Given: nth term of a sequence is 2n²+1 / 2n²-1

To find: t4 + t7 + t10 = S​

Solution:

• As we have given that nth term of a sequence is 2n²+1 / 2n²-1, this means:

              a(n) = a + (n-1)d = 2n²+1 / 2n²-1

• So from this expression, we can find the values of t4, t7 and t10.

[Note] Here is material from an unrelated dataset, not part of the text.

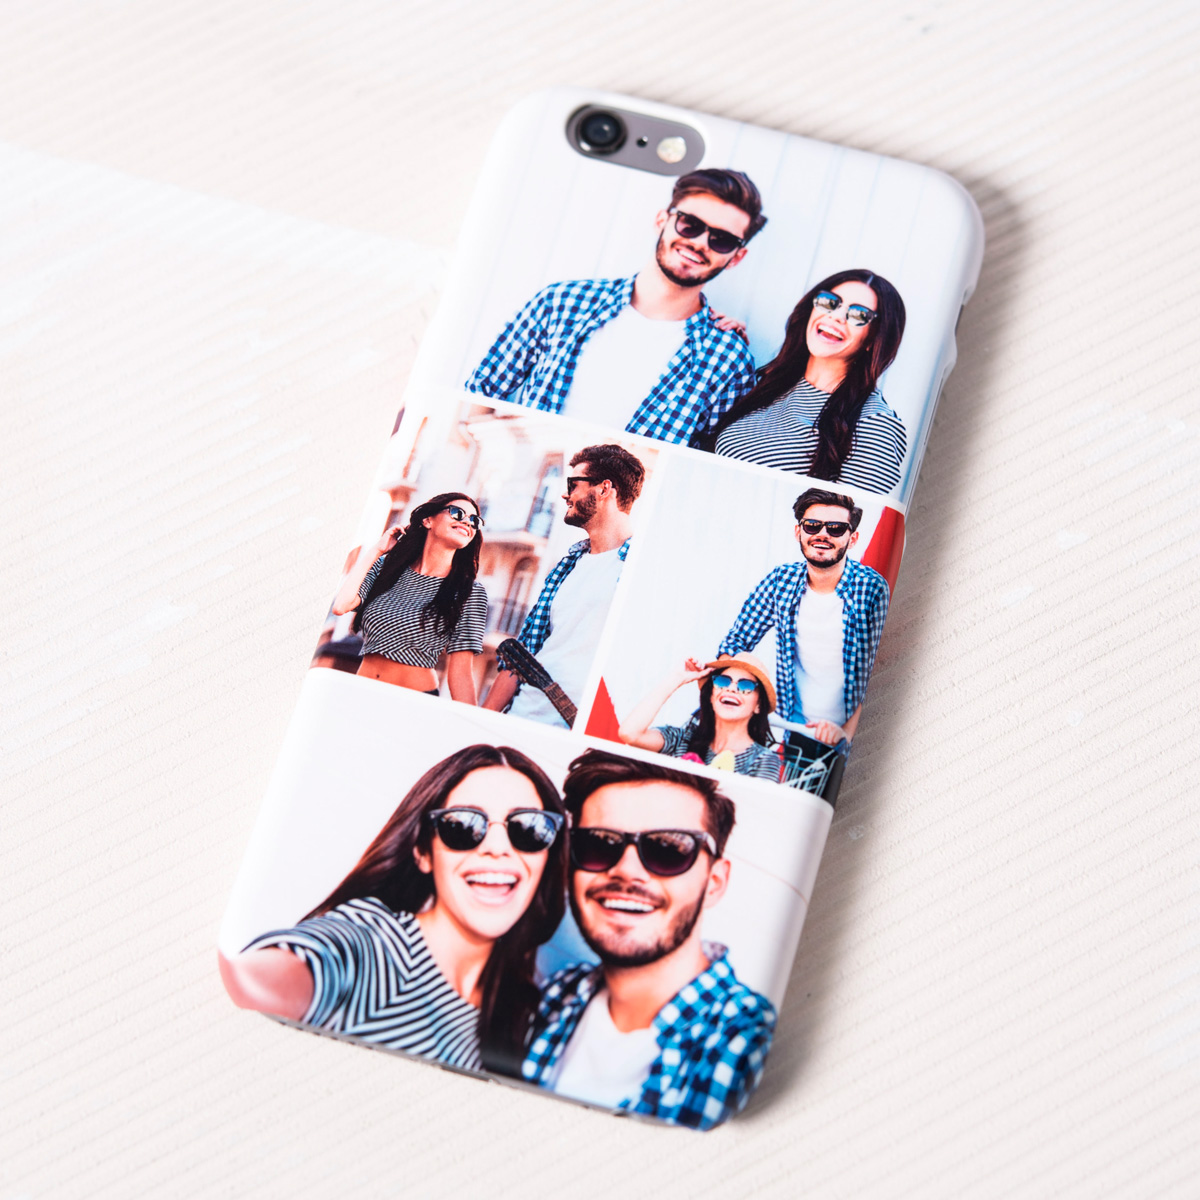 Create Your Own Multi Photo Upload iPhone Snap Cover

• Finding value of t4, put n = 4 we get:

            t(4) = 2(4)² + 1 / 2(4)² - 1

                  = 32 + 1 / 32 - 1

                  = 33/31

• Finding value of t7, put n = 7 we get:

            t(7) = 2(7)² + 1 / 2(7)² - 1

                  = 98 + 1 / 98 - 1

                  = 99/97

• Finding value of t10, put n = 10 we get:

            t(10) = 2(10)² + 1 / 2(10)² - 1

                    = 200 + 1 / 200 - 1

                    = 201/199

• Now adding all the terms we get:

                   = 33/31 + 99/97 + 201/199

                   = 636999 + 610731 + 604407 / 598393

                   = 3.09518

Answer:

         So, the value of t4+t7+t10 is 3.09518.